There have been several reported cases of SLE presenting with tachycardia. For example, Utset et al. (7) suggested sinus tachycardia might reflect the disease activity, with worsening of tachycardia during active flares and resolution of symptoms with treatment of the flare. Such correlation was also noted in our case of this patient, who only controlled her heart rate after managing the active disease (7). Also, Subhani et al. (8) reported a case of a 42-year-old female with SLE who developed focal atrial tachycardia but was incorrectly diagnosed with sinus tachycardia due to an abnormal heart rhythm. Despite receiving antiarrhythmic medications, the patient’s condition worsened. She developed tachycardia-induced cardiomyopathy. Eventually, radiofrequency catheter ablation was performed, leading to a successful recovery of the patient’s heart function (8). In another case, a 17-year-old boy initially presented with supraventricular tachycardia. However, the patient was later found to have pancreatitis, myocarditis, and nephritis, all attributed to the underlying SLE disease. The patient’s echocardiogram also showed left-sided heart failure due to nonischemic cardiomyopathy (9).

Cardiac involvement in SLE is not limited to arrhythmias. Santacruz et al. (10) reported a case of a 40-year-old female who presented with tachycardia, acute dyspnea, and atypical chest pain. ECG was only significant for sinus tachycardia and non-specific T wave changes. The patient was admitted as a case of acute heart failure. However, she rapidly deteriorated, requiring ICU admission. Her hospital course included acute renal impairment, proteinuria, left atrial thrombus, and peri-myocarditis diagnosis. Further workup led to a diagnosis of SLE, which was thought to be the culprit (10).

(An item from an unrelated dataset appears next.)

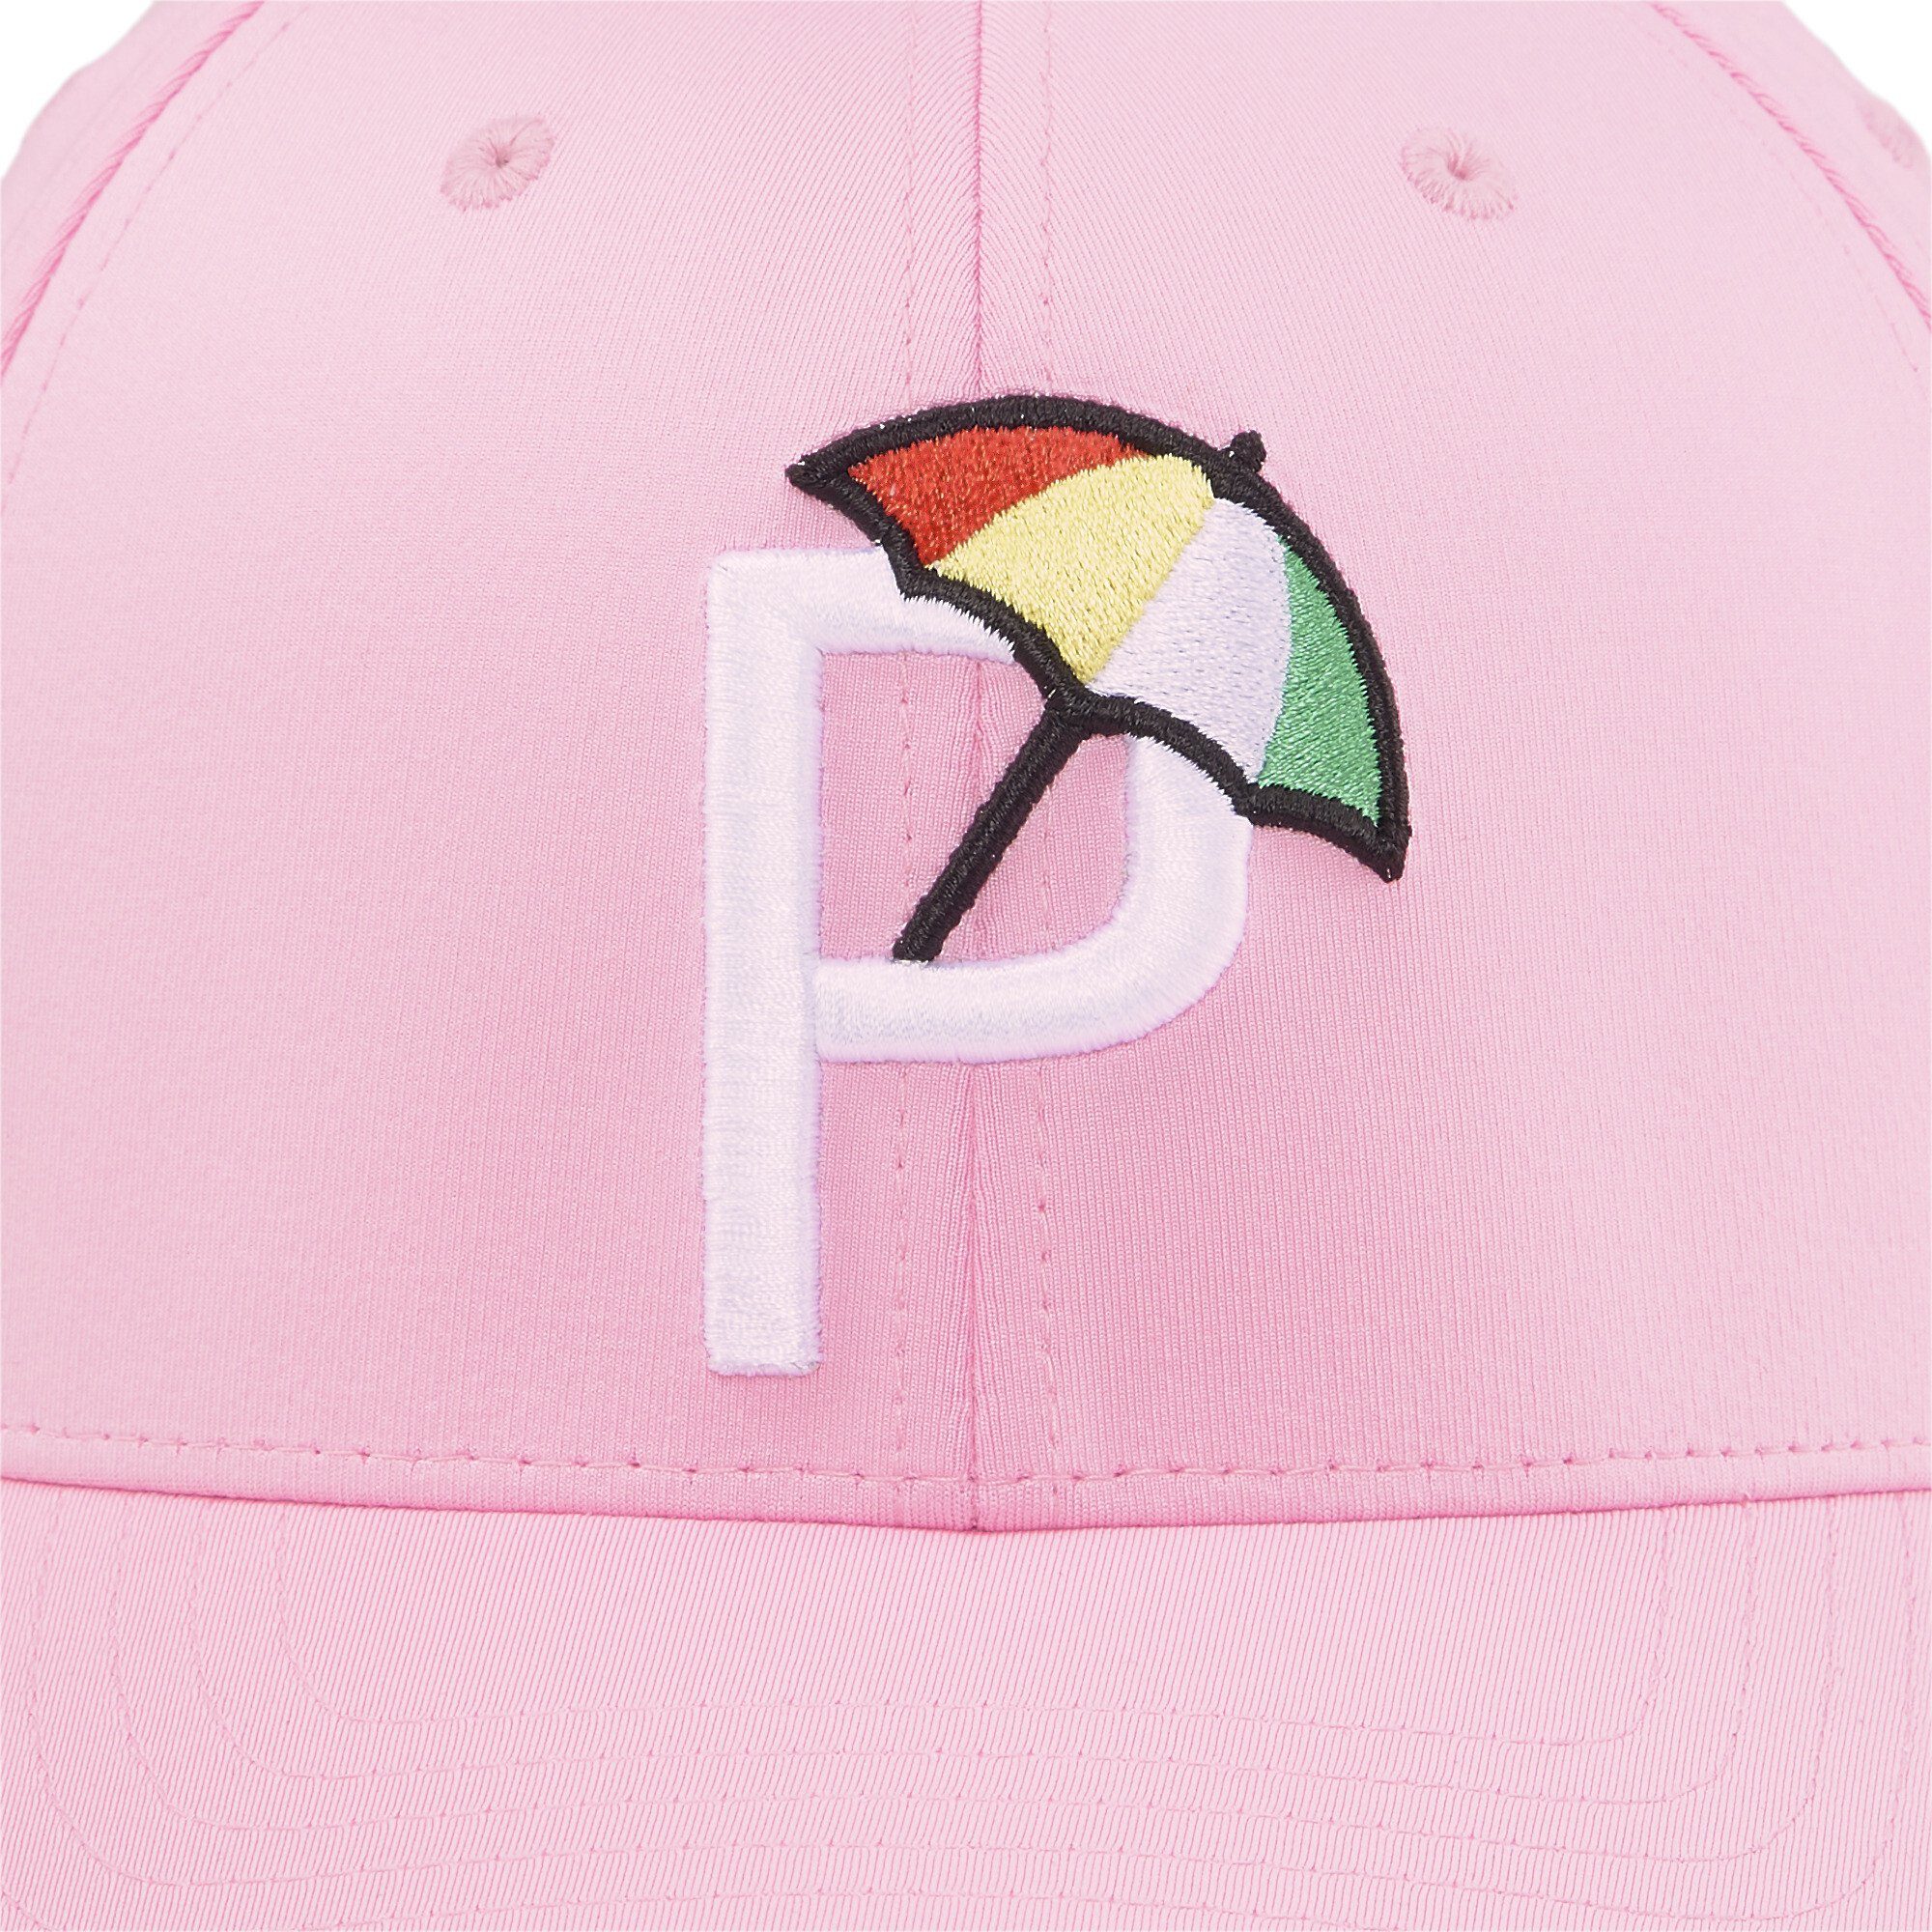 PUMA Flex Cap Palmer P Cap Golf Glow White Pink Herren Pale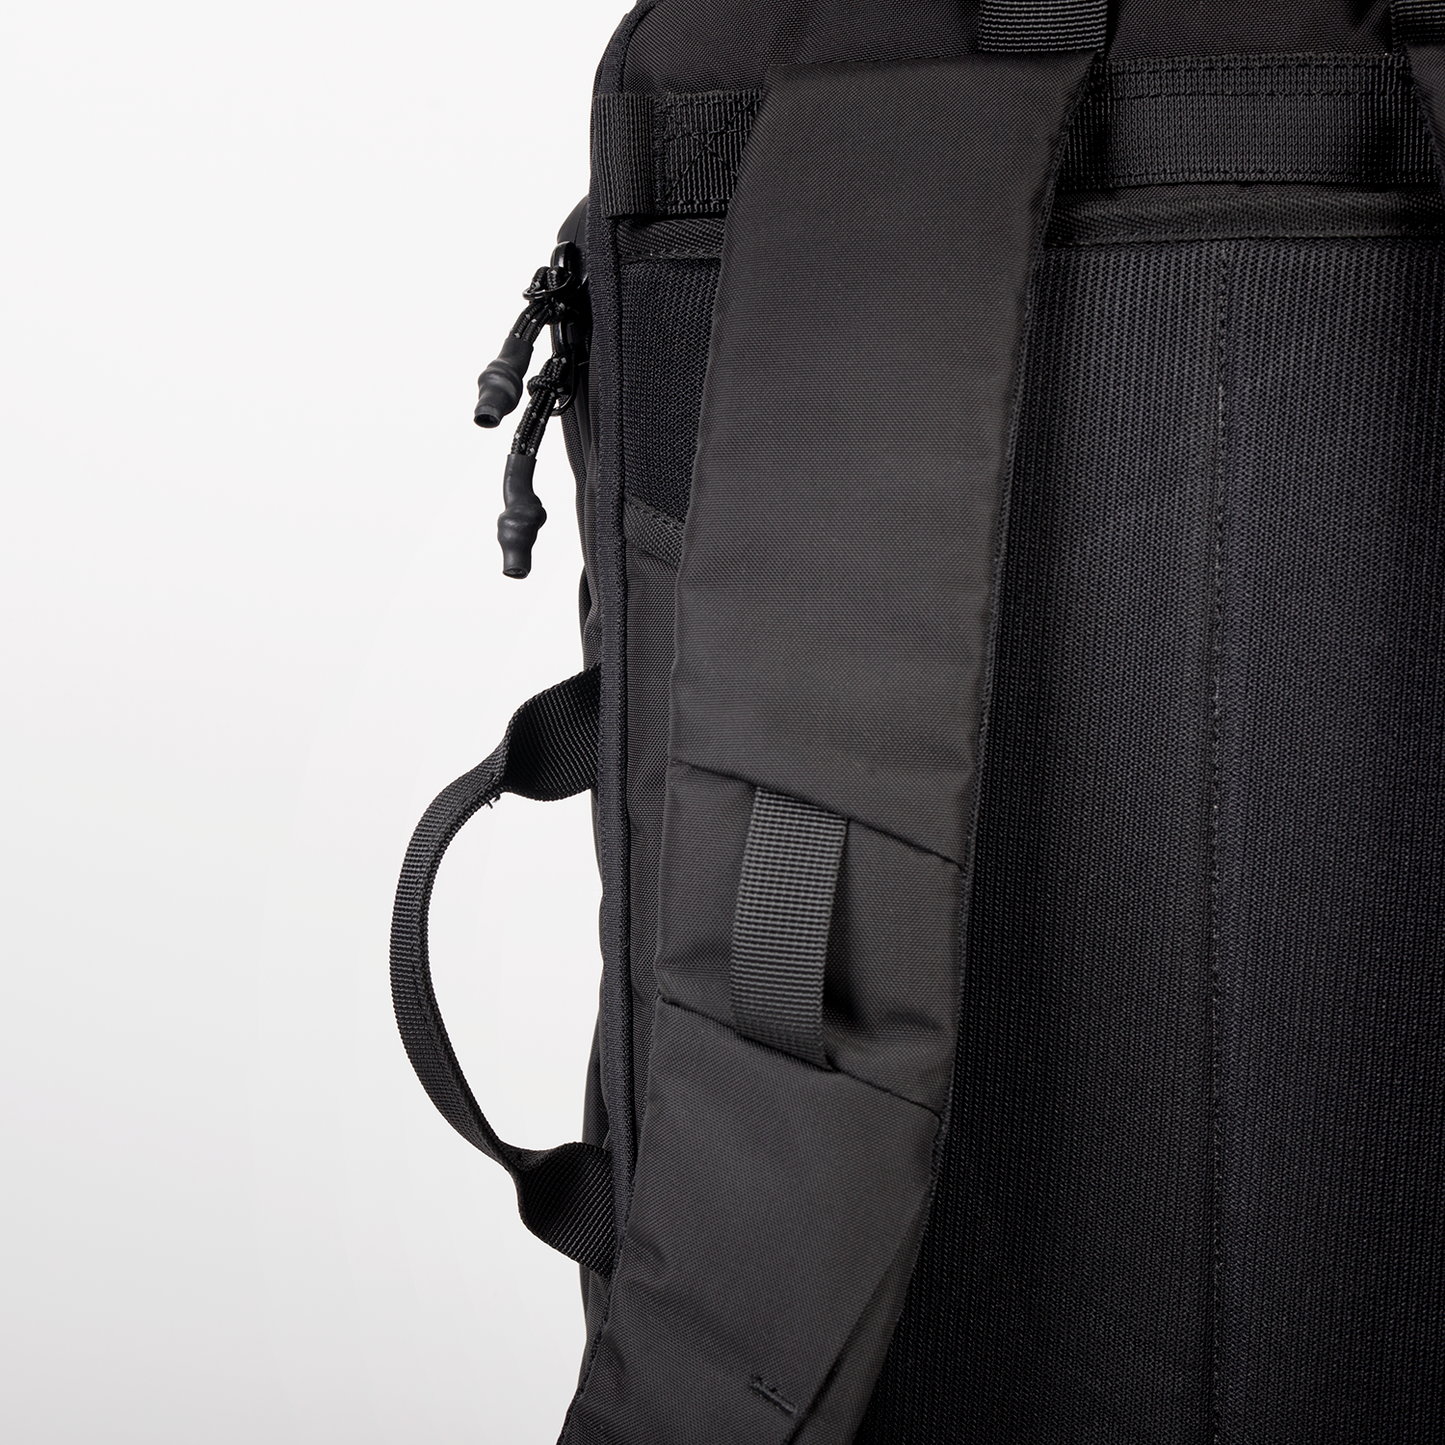 Sturdy Backpack

Another reported presentation was a case described by Zhang et al. (11) of a patient who was admitted with dyspnea, tachycardia, and tachypnea. The patient was found to have cardiac tamponade. Further past medical history revealed joint pain, which, along with positive antibodies, confirmed the diagnosis of SLE. The patient’s condition improved after treating SLE with prednisone and cyclophosphamide (11).

The mechanism by which SLE can cause tachycardia is not fully understood, but it is likely related to the effects of autoantibodies on the cardiac conduction system (12). Autoantibodies such as anti-Ro and anti-La have been implicated in developing conduction abnormalities in SLE patients (12). In addition, SLE-related inflammation and fibrosis may also contribute to tachycardia by inducing oxygen radicals that eventually lead to cardiomyocyte necrosis (13). Furthermore, SLE can cause autonomic dysfunction due to central nervous system involvement or hypothalamic–pituitary–adrenal axis involvement, leading to tachycardia (14).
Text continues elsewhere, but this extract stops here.